Kid jokes
POV: When the orphan kid goes to church and they have to swear on something.
The kid: "I swear on my... friends. Oh wait, I don't have any."
What did the Autistic kid say to his bully?
ARRRRRRRRR!
I went to jail because I gave the orphan kid a calendar with 363 days.
(I deleted Mother's Day and Father's Day.)
Kid: Mum, how do you know someone is drunk?
Mum: See the four birds over there?
Kid: Huh, wait a minute.
Mum: A drunk person would see eight.
Kid: Mum, but there is only two.
In middle school, we had to create words with magnet letters. Some kid laid the word "Animal Therapist". I changed one space and got sent home :/
What's the difference between a seal and a special kid?

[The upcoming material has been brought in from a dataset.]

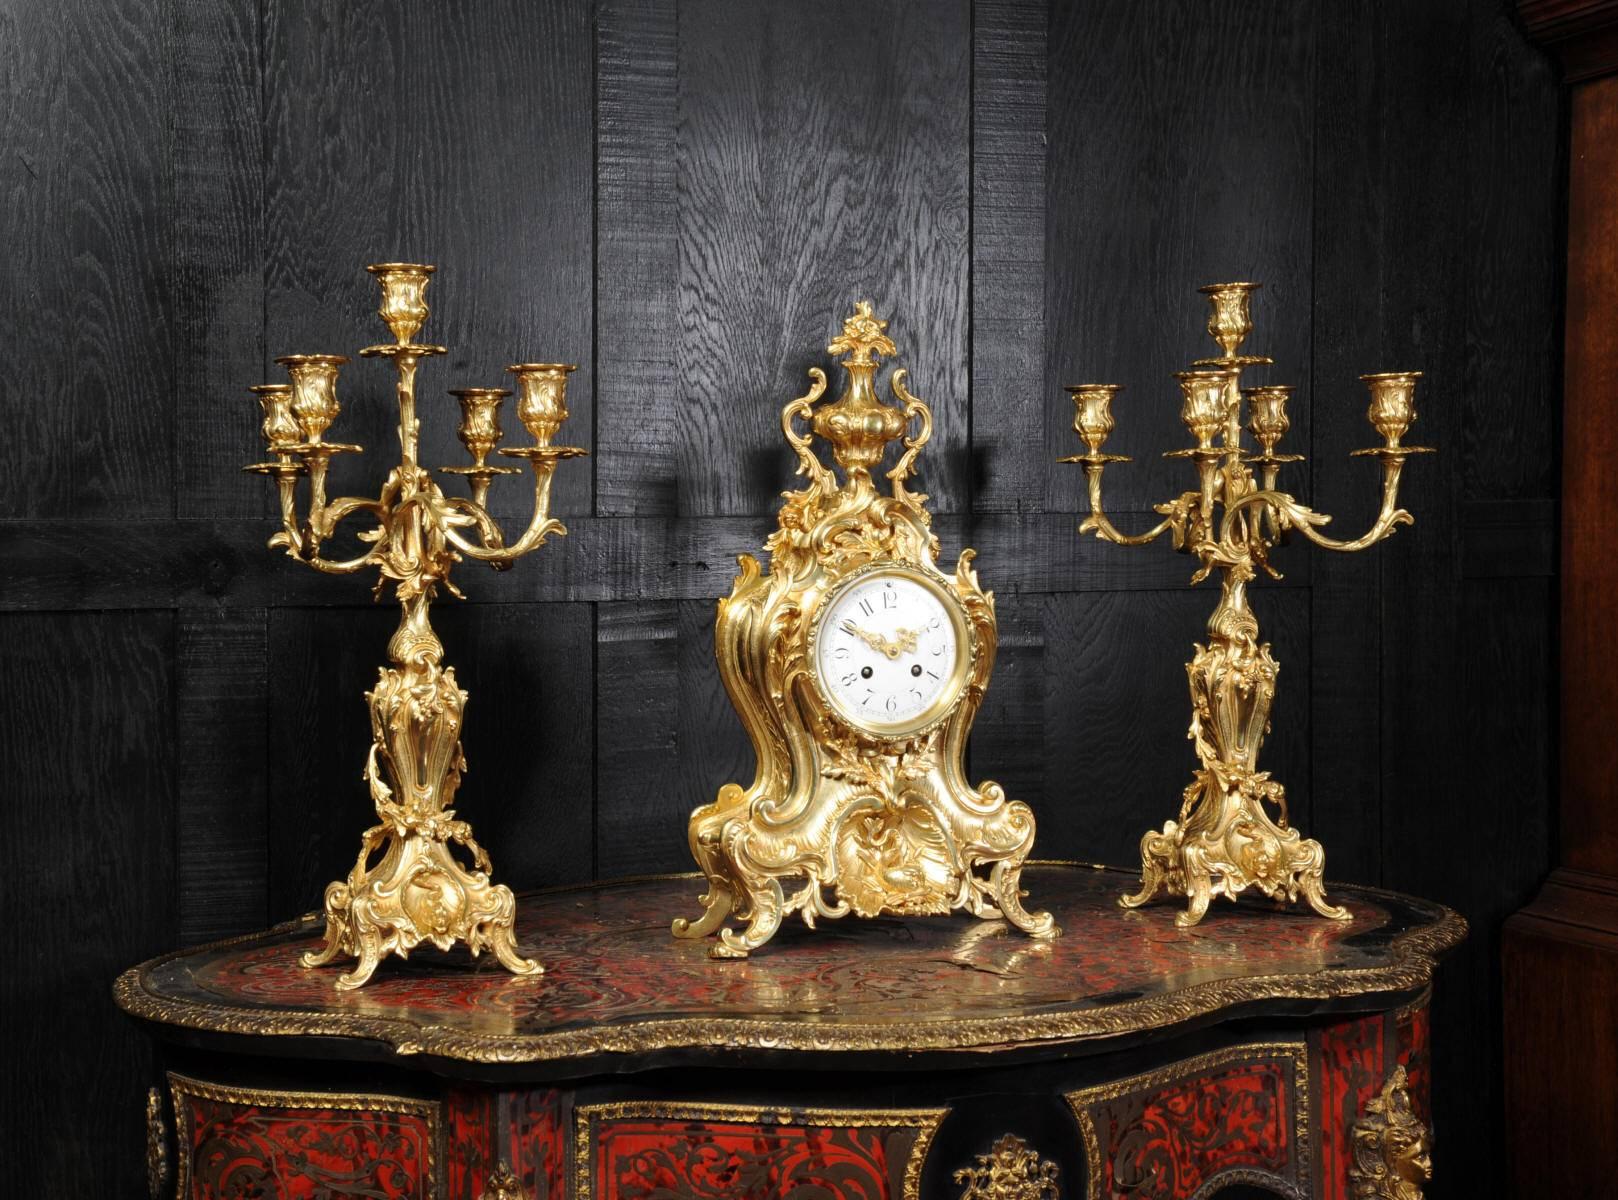 A stunning and large original antique French ormolu (gilded bronze) clock set, circa 1880, featuring dolphins. It is of the most beautiful Rococo style, asymmetric waisted case decorated with 'C' scrolls, acanthus leaves and floral swags. To the top

They both go: "Uh! Uh! Uh! Uh! Uh! Uh! Uh! Uh!"
Why do so many kids love boomerangs? Because they always come back.
Why do some kids only experience 364 days per year?
Because they don't have a Father's Day.
There was a kid crying. I asked him where his parents were. He cried more. Orphanages are really fun to work at.
My kids told me to have a good day, so I left them to their own devices and hoped for the best.
Silence is golden. Unless you have kids, then silence is suspicious.
Kids make a lot of plans for people who can't drive anywhere.
"I told my mom I thought parenting got easier as the kids get older, and she laughed so hard she cried a little."
Wife: I will leave you if you call me fat again.
Husband: Wait, dear... Don’t do it for the sake of our kid!
Wife: Kid?
Husband: Yeah, aren’t you pregnant?
Teacher: Hey Timmy (the quiet kid), what comes after X?
The quiet kid: Splosion.
Teacher: What comes after A?
The quiet kid: AK-47.
Teacher: Faints.
What are emo kids' least favorite lollies?
Life Savers.
Is it just me, or do you kids have imaginations?
It’s like I always tell my kids:
"Two in the pink, one in the stink."
A blind kid accidentally touches the emo kid's wrist and says, "I'm not reading all of that!"
If you're feeling mad, punch an autistic kid. What's he gonna do, blabber to the teacher?